CURWOOD: Scientists have found yet another place where there may be life beyond Earth. New data shows that one of Saturn’s moons has water--one of the essential elements of life--spewing from its surface.

And with me now is Neil deGrasse Tyson. Dr. Tyson heads New York's Hayden Planetarium, and is a regular contributor to our program. Welcome back to Living on Earth, Neil.

TYSON: Pleasure to be back, thanks.

CURWOOD: And it’s good to have you here. Hey, let’s talk about these new findings on one of Saturn’s moons. This moon is called Enceladus, and the information came from the Cassini spacecraft. What exactly did it find?

TYSON: Well, it found evidence of a plume rising up from the surface of this moon of Saturn. Saturn is far enough away so that anything out there is just frozen, and this moon is duly frozen on its surface. But then you have this plume rising up from a frozen surface, and that raised some eyebrows. And if you look at other auxiliary data you’re left with no other conclusion than that you have this pool of water under pressure beneath this frozen surface; and if you build up enough pressure, and you have the heating from Saturn, you can evaporate some of that water, and it’ll punch through and make a geyser just like what you have at Yellowstone National Park. Except these geysers are ice geysers rather than hot water geysers.
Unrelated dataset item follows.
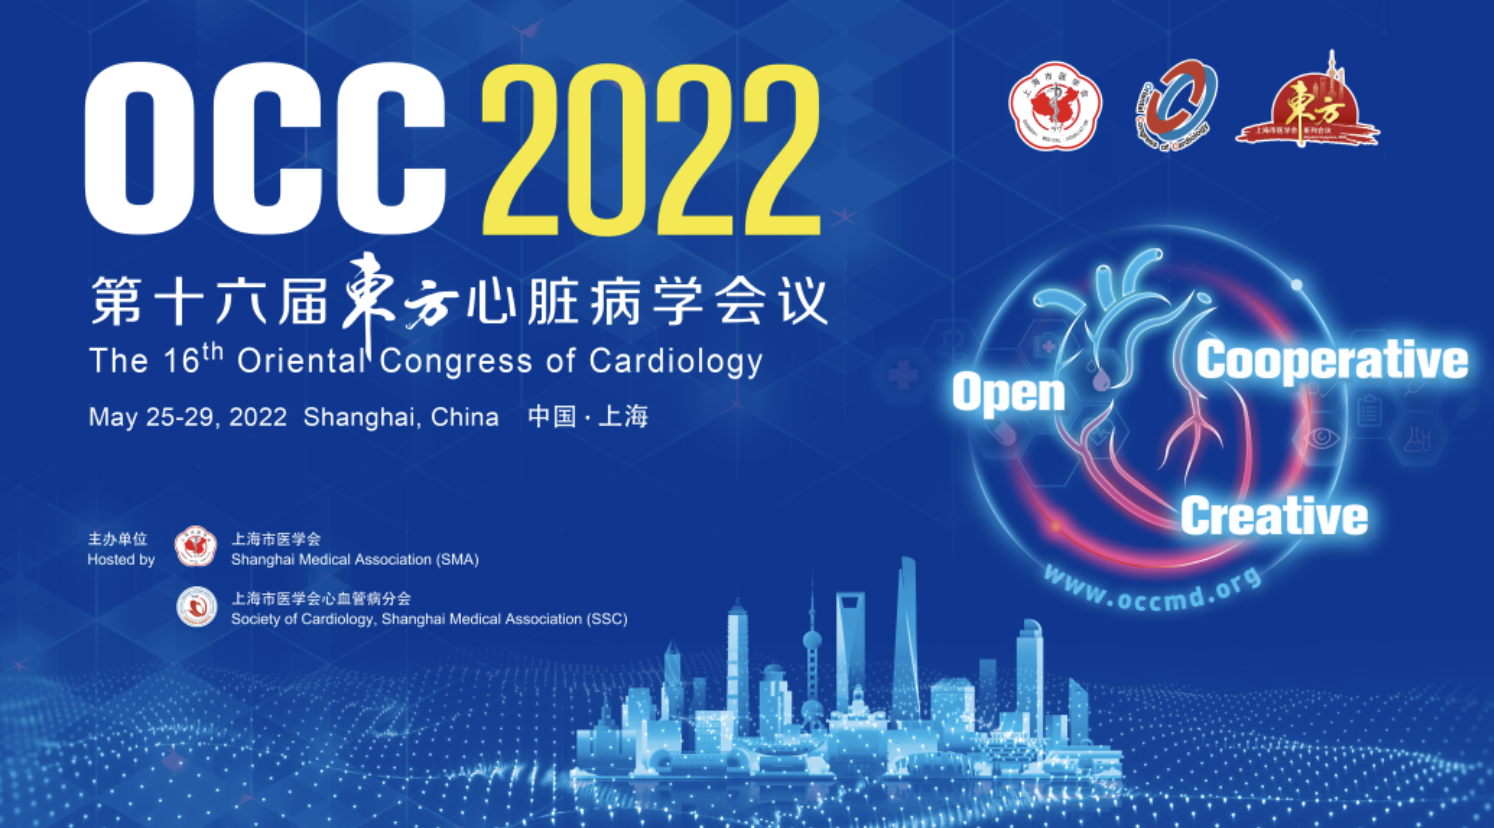 OCC 2022 | <font color="red">PIANO</font><font color="red">评分</font>在急性心肌梗死预后评估和指导急诊PCI术血栓抽吸中的临床价值
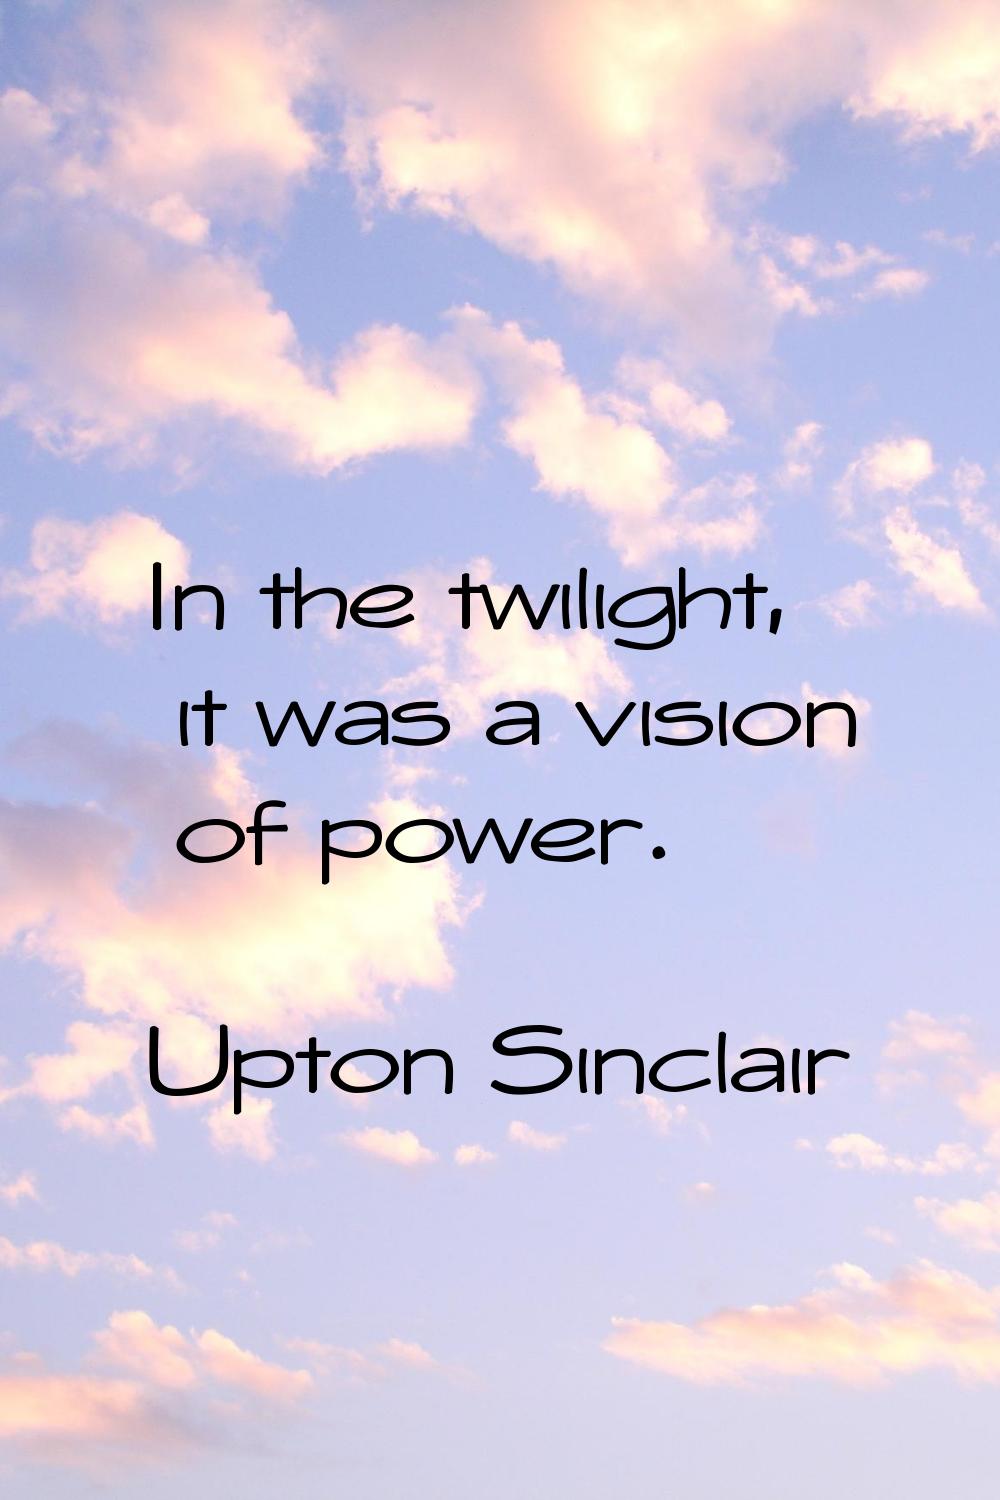 In the twilight, it was a vision of power.

CURWOOD: What’s heating it up?

TYSON: Well, there’s several heating sources in the Saturn system. There’s a radiation field. There’s also the tidal forces of Saturn on the moon; they actually have a way of stressing the solid planet, the way when you hit a racket ball the ball starts to get warm because you stressed it and it punched back into shape. When you do that with a solid body you end up heating up the body, and what might have been frozen down beneath the surface begins to liquefy, and that action can create interesting sort of geological features and geological behavior for these moons. And Enceladus is not the only moon that demonstrates this heating and consequences from it; there are moons of Jupiter that do this, as well. So, we were well-equipped to interpret what we saw.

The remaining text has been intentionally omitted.